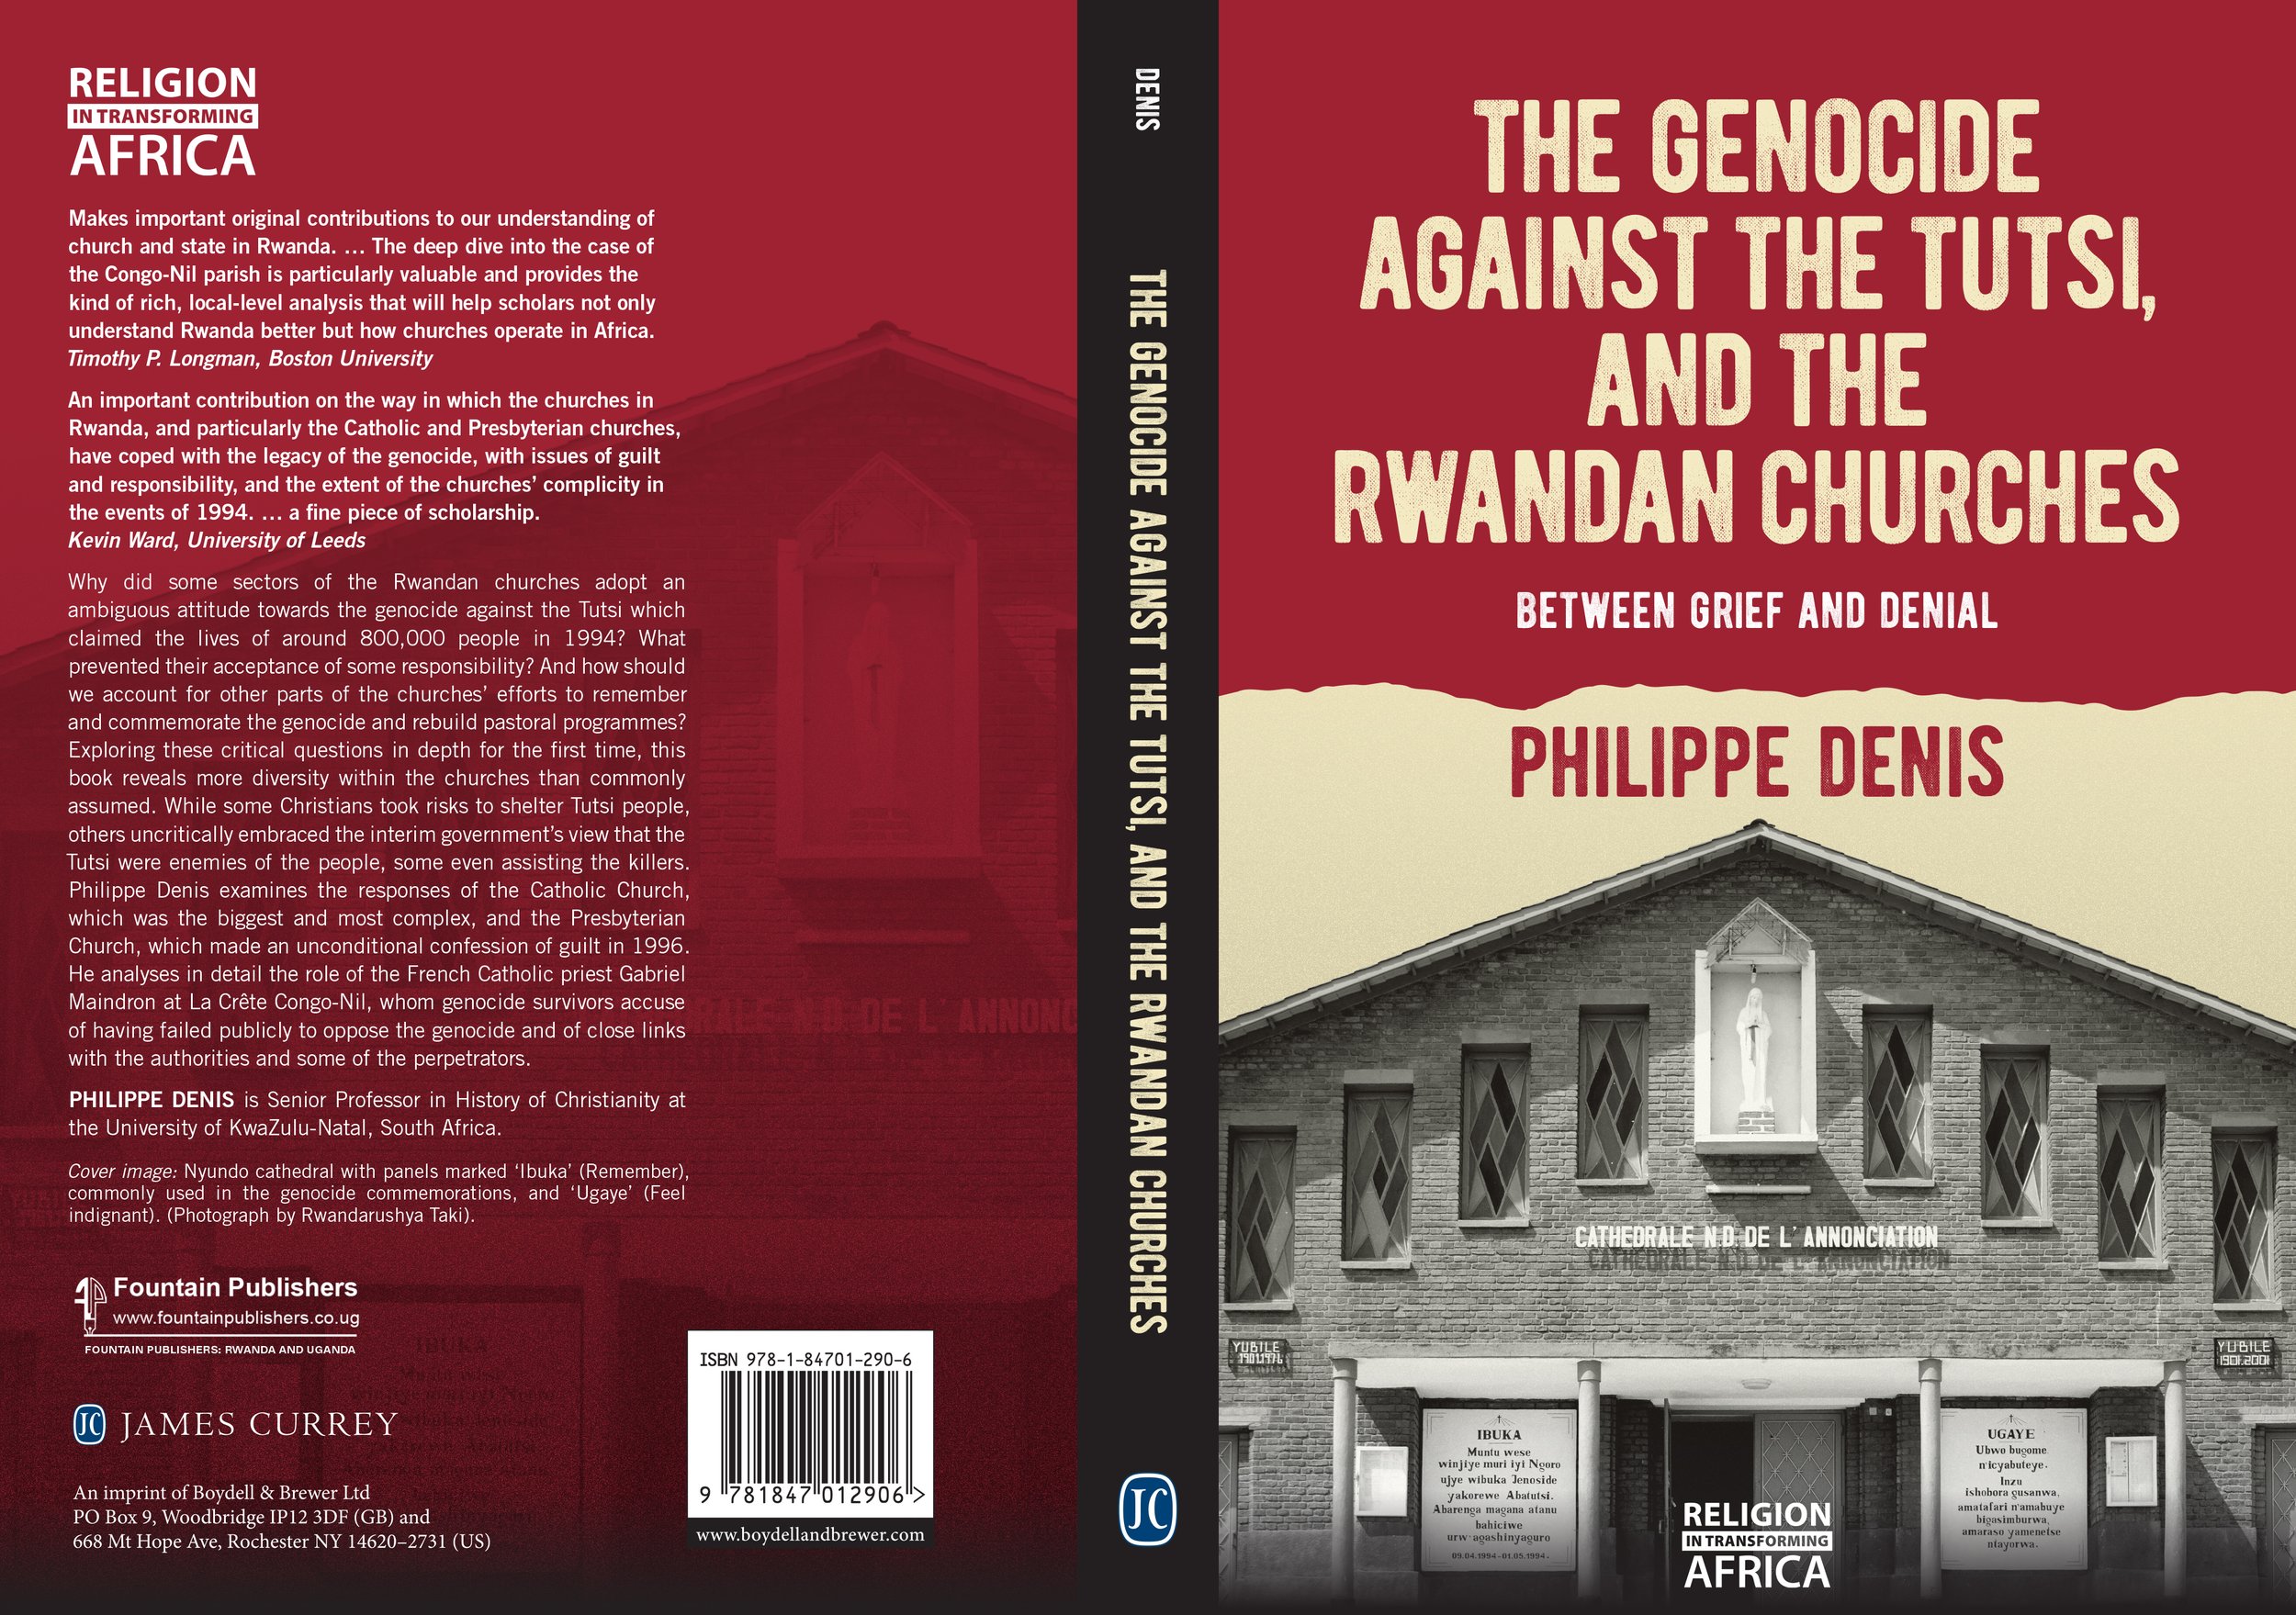 The Genocide against the Tutsi, and the Rwandan Churches
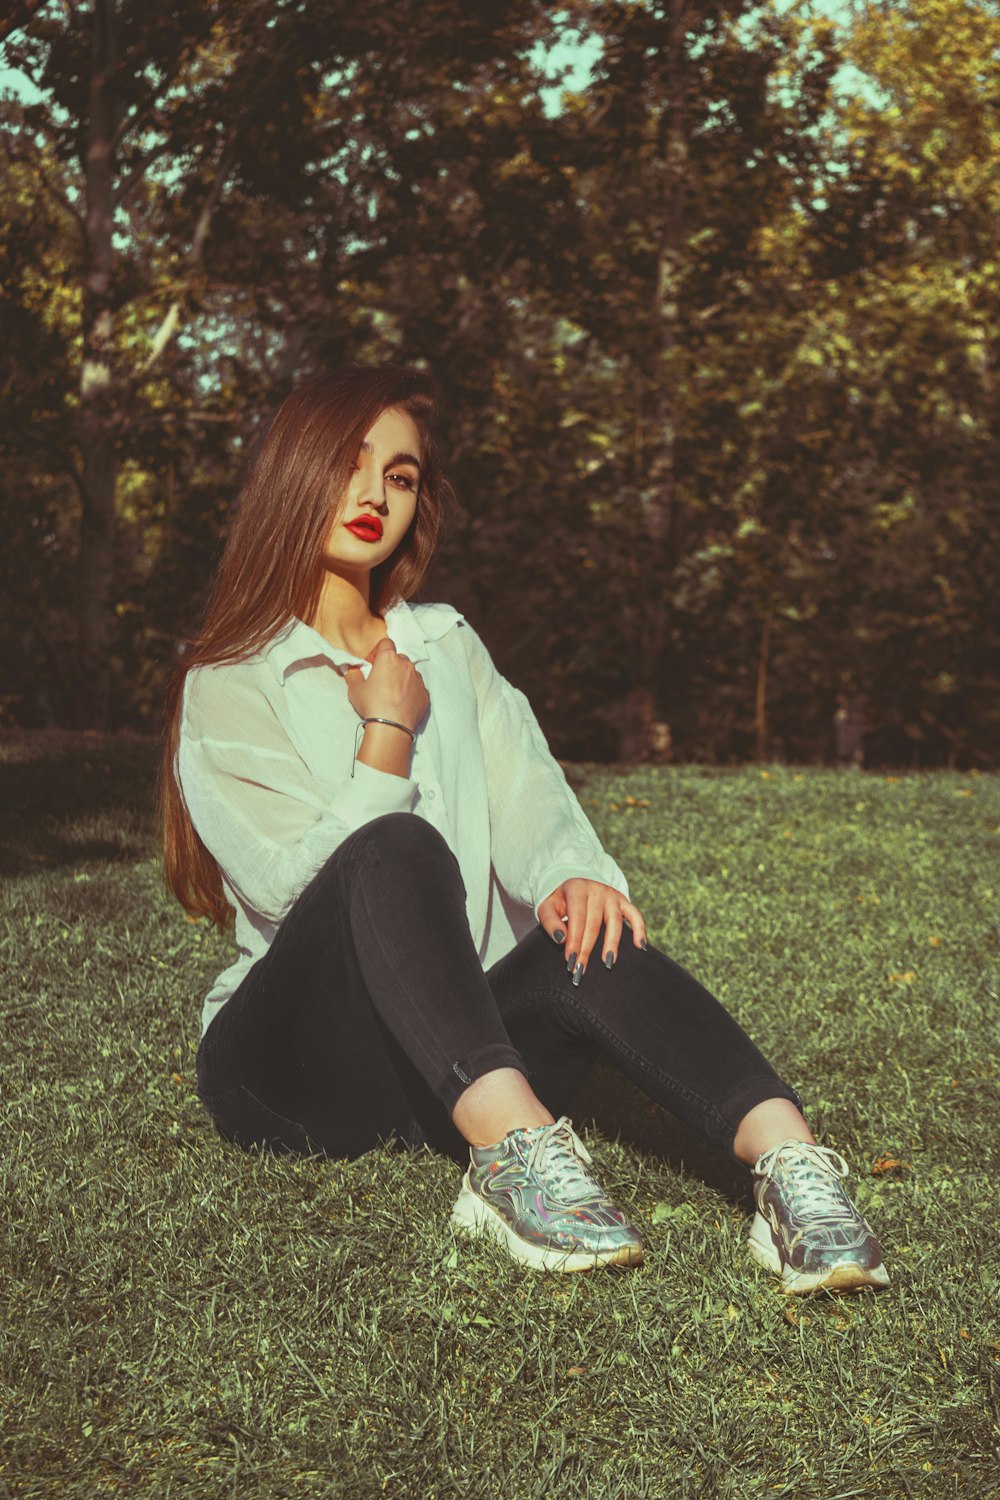 woman in white long sleeve shirt and black pants sitting on green grass field during daytime
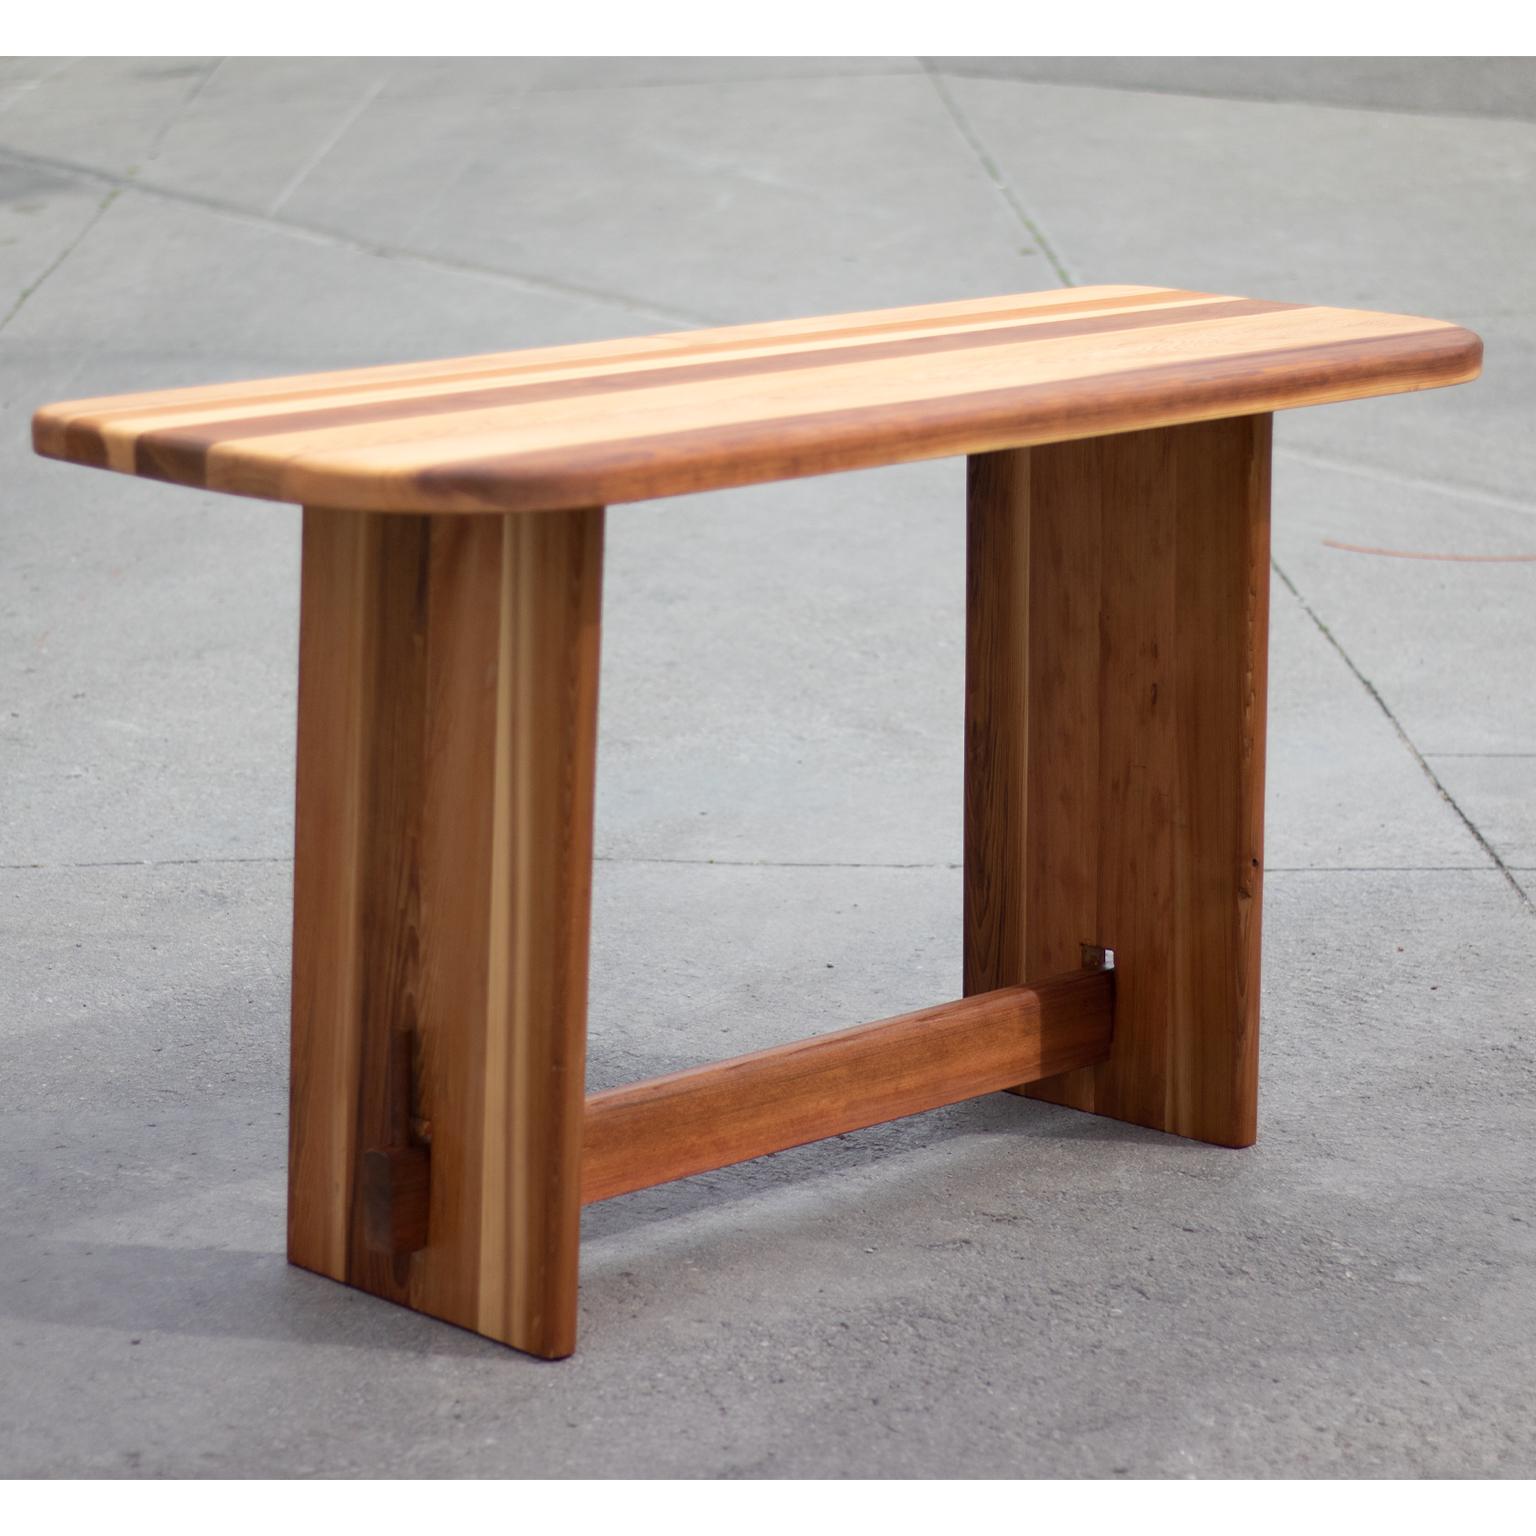 Anglo-Japanese Imperial Cedar Outdoor Dining Table For Sale

══════════════════════════════

#### WHAT TO WORK ON
The answer must be the listing above, restated word for word, with no images in it.

#### TASK SOLUTION
 The Genocide against the Tutsi, and the Rwandan Churches
 woman in white long sleeve shirt and black pants sitting on green grass field during daytime
 Anglo-Japanese Imperial Cedar Outdoor Dining Table For Sale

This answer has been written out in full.